On Muharrem’de aşure yemeği pişirmek değil, karalara bürünüp ağlamak ve ağıt yakmak yakışır Müslüman’a…
Muharrem… Vuslat ve firak ayı…
İmam(ra) kavuştu Rabbine, vuslata erdi. Bize ise, can yakıcı ve kanlı bir firak kaldı…
Muharrem ve Aşura, bugüne kadar olduğu gibi, bugünden sonra ta kıyamet gününe kadar Müslümanların bağrını yakıp duracak olan korlardır, hasretlerdir, matemlerdir, ağıtlardır…
“Tarihi kurcalamayın, bu konularla çok ilgilenmeyin!” diyenlere inat, tarihimizin en acı gerçeklerinden/gerçeklerimizden olan bu elim olayı anmak, anlatmak, anlamak ve karalara bürünüp, ağıtlar yakmak yakışır bize; Ehl-i Beyt aşıklarına… Tarihimizle yüzleşmekten çekinmeden… Acı gerçeklerimizi kabul etmeyi onur meselesi yapmadan…

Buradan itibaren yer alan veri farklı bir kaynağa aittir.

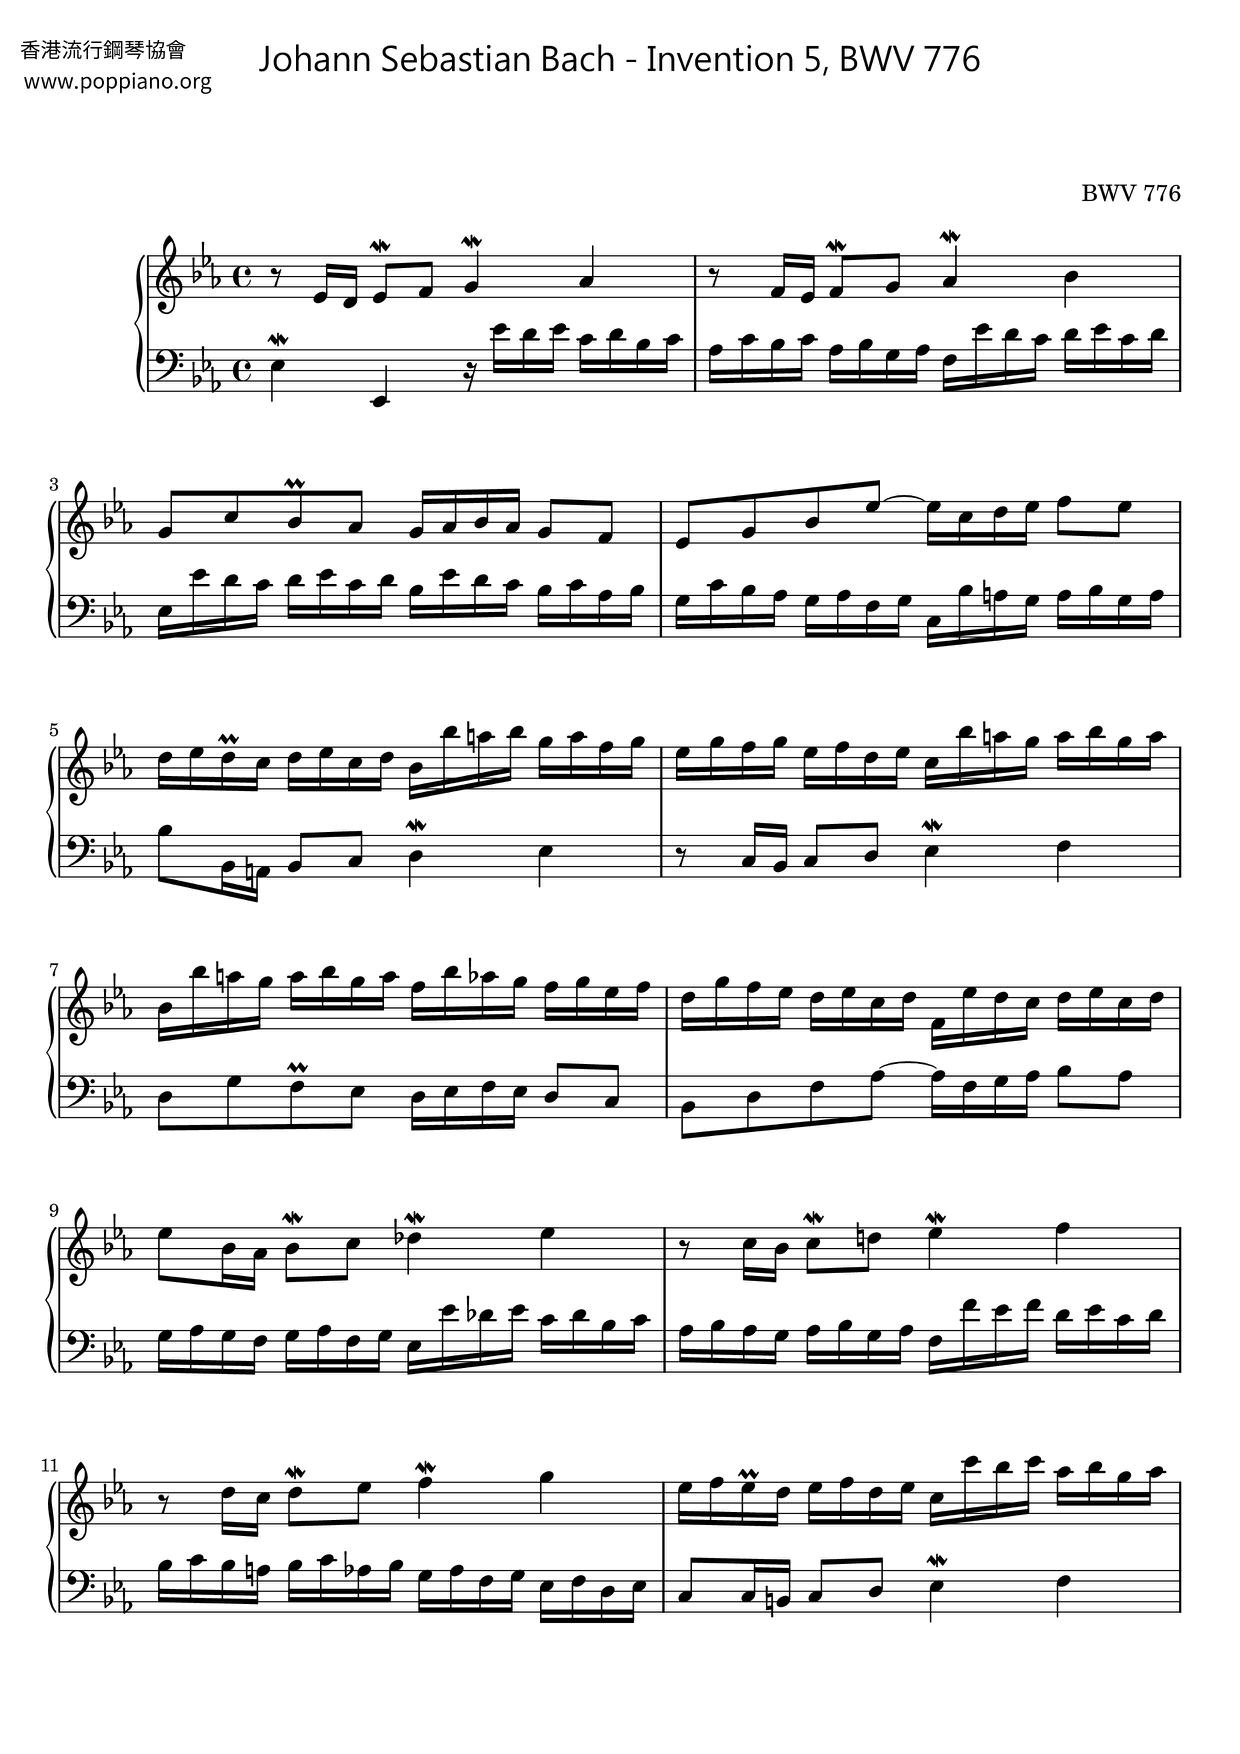 Invention 5, BWV 776 Score

On dört asırdır yanaklardan kanlı kanlı süzülüp gelen gözyaşıdır Kerbela…
“Tatlı bir su içtiğinizde Kerbela’yı hatırlayın! Resulullah (as)’ın torunlarının nasıl susuz katledildiklerini hatırlayın!”
Ve onları katledenlerin karanlık ruhlarına lanetler yağdırın, lanetler yollayın!
İmam Hüseyn (ra) ve yarenleri Kerbela’ya kanlar içinde düştüğünden beridir, Ümmetin kalbi Kerbela çölüdür, cayır cayır yanmaktadır…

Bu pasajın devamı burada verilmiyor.